Repeat only the lines from the one that contains "Polyester Stoff Meterware" through the final line of the listing below, exactly, please, without pictures.

> **DATA SHOWN**:
---------------

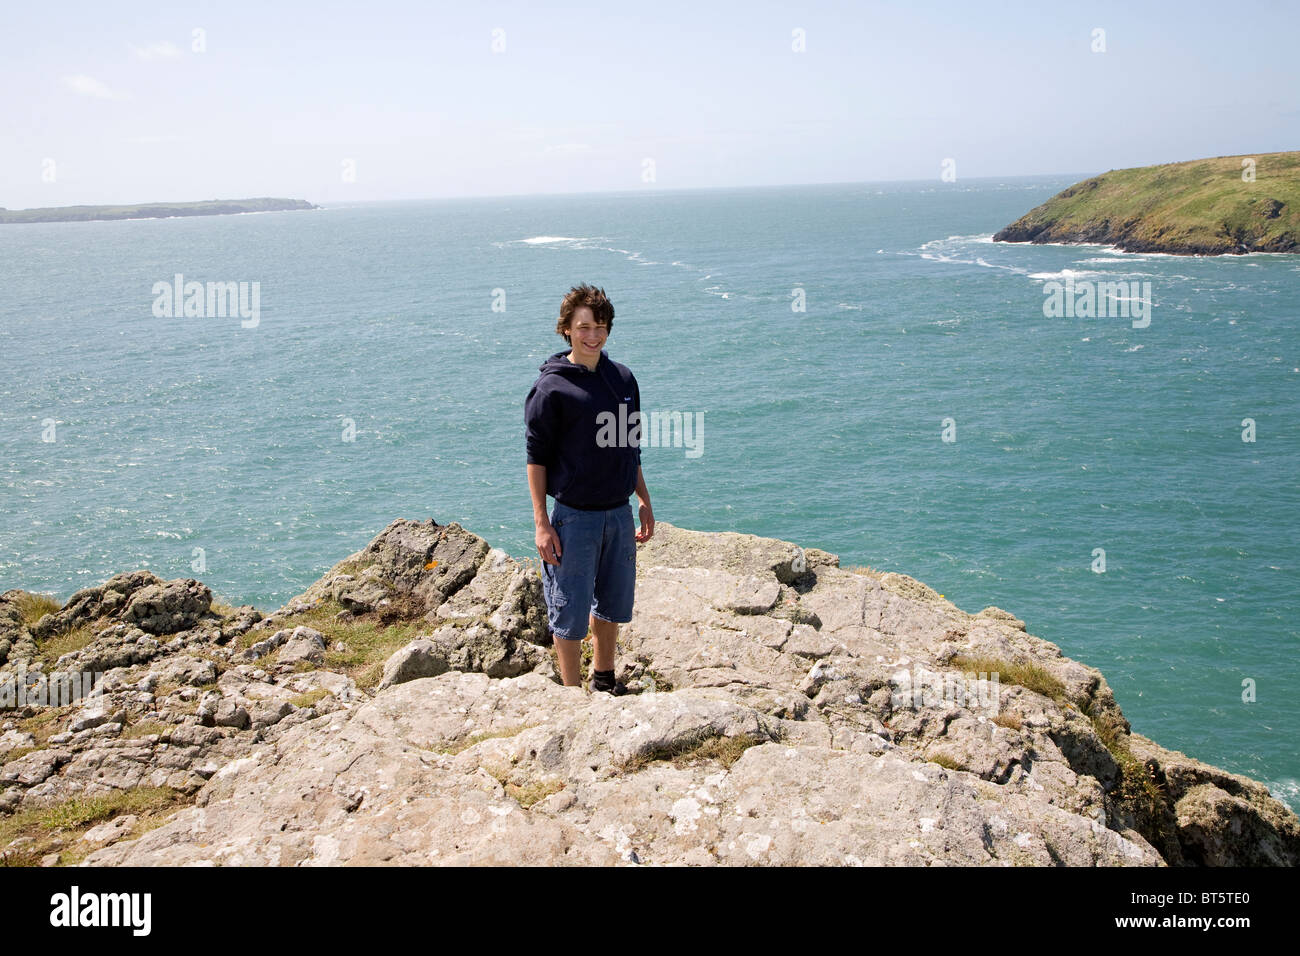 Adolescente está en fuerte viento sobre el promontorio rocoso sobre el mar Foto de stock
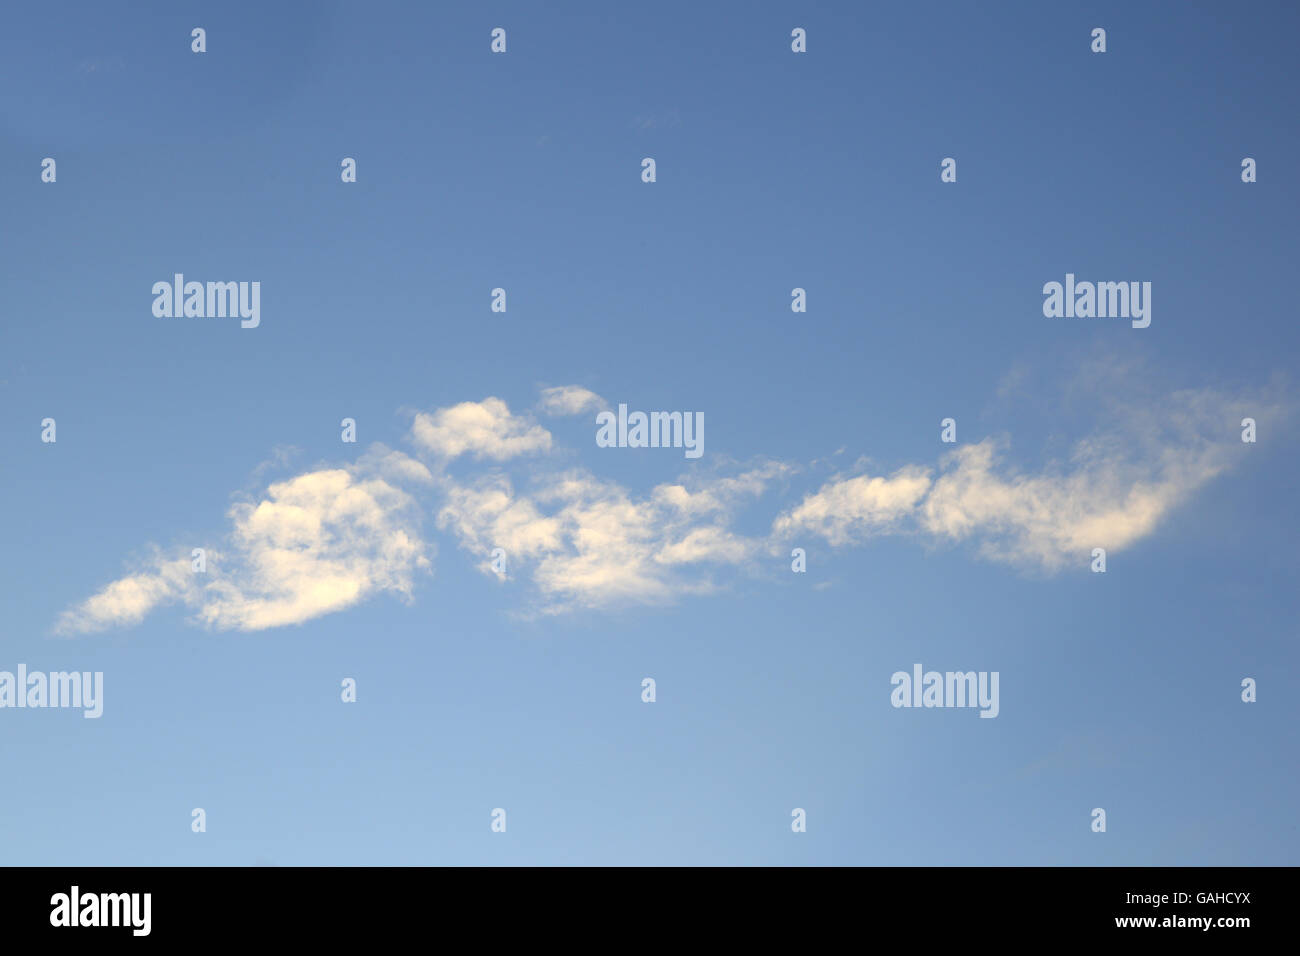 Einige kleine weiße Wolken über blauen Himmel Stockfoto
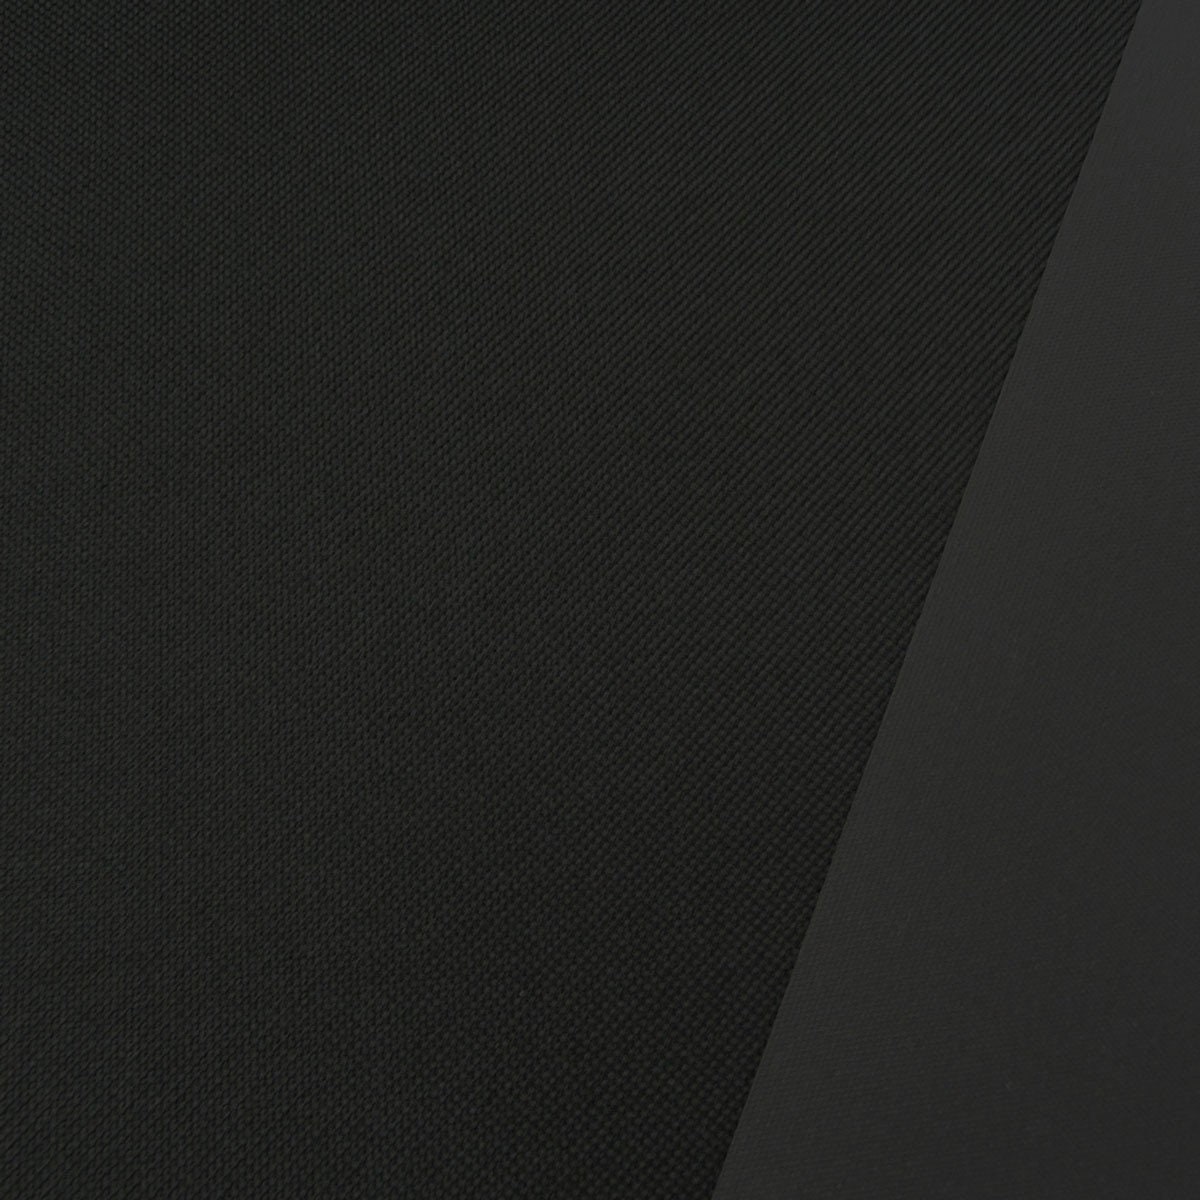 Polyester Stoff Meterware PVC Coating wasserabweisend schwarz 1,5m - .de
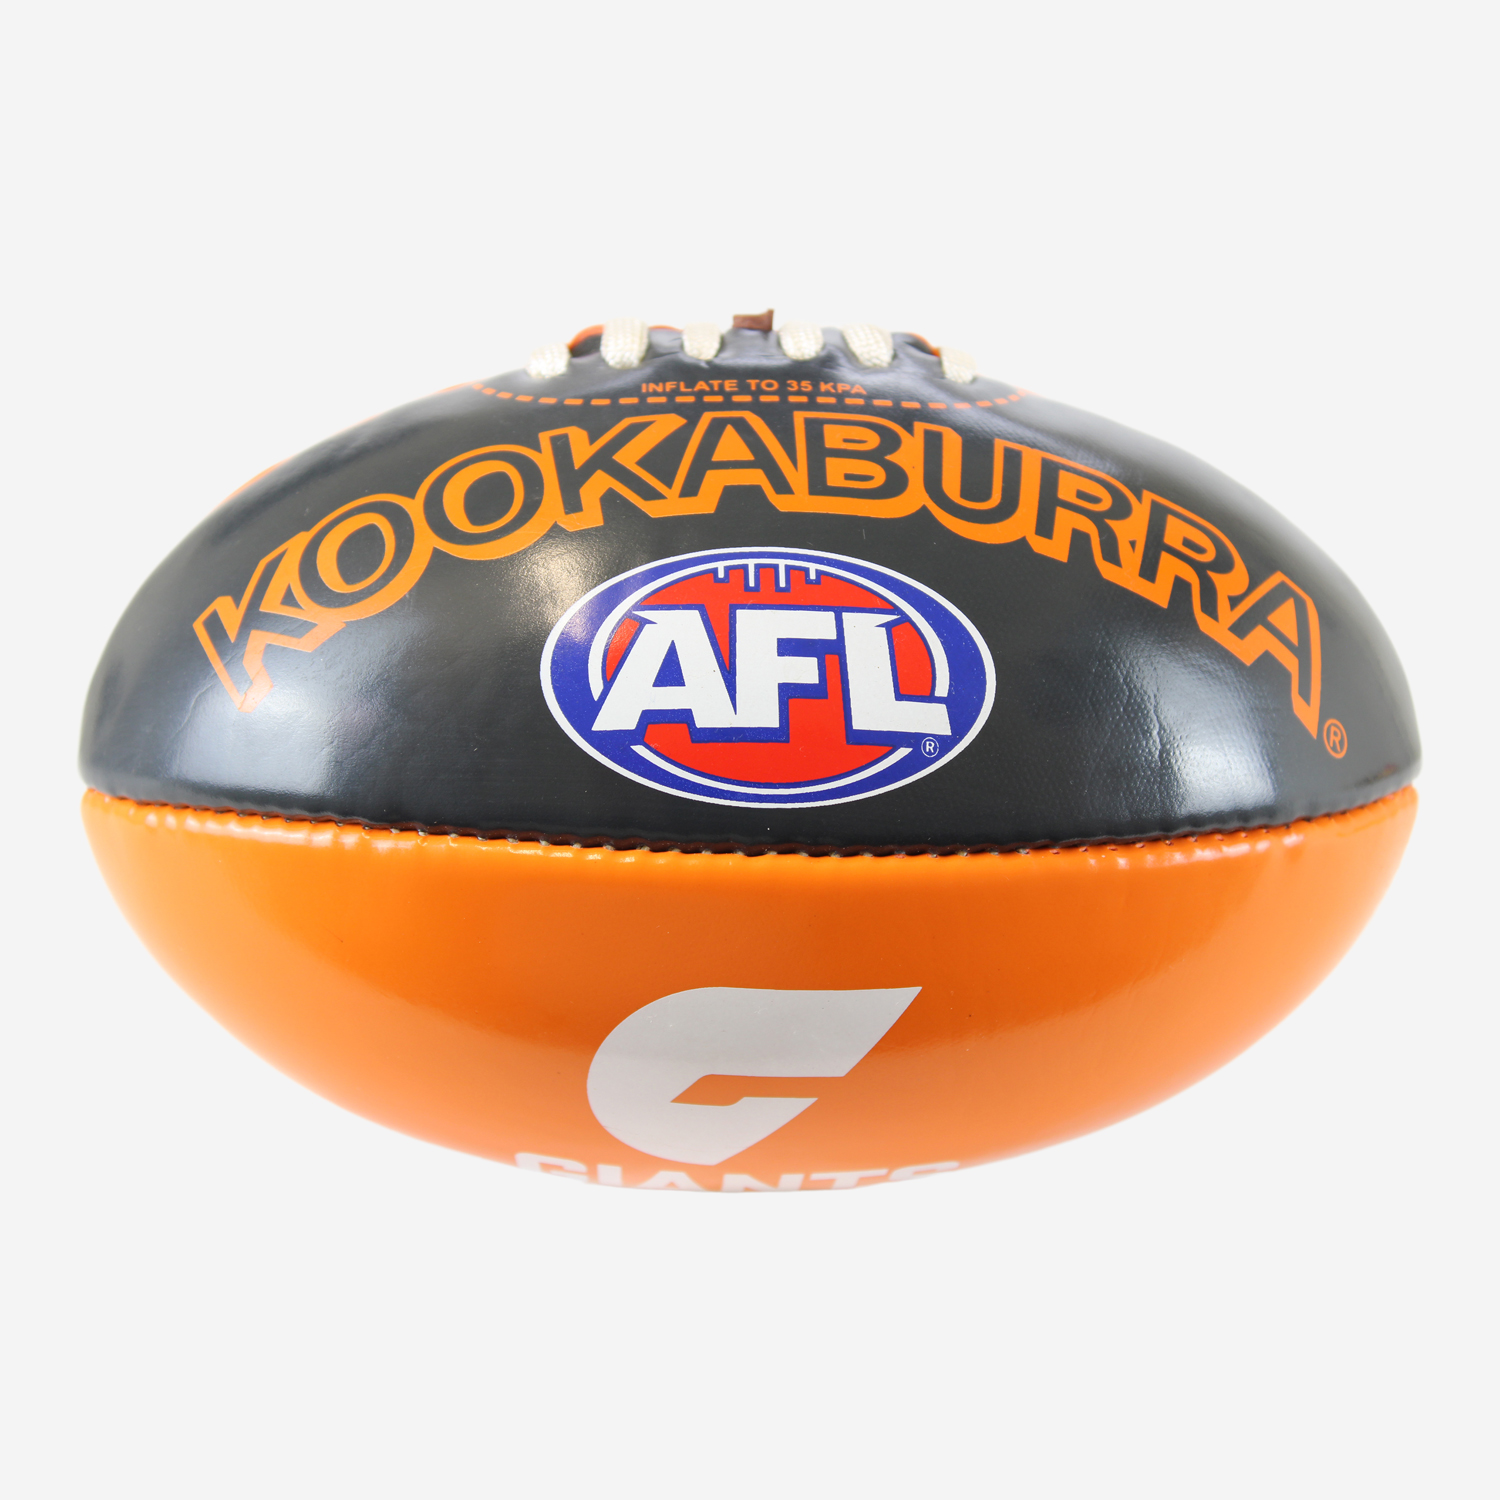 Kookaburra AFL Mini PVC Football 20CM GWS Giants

---------------

> **RESULT BELOW**:
 Polyester Stoff Meterware PVC Coating wasserabweisend schwarz 1,5m - .de
 Kookaburra AFL Mini PVC Football 20CM GWS Giants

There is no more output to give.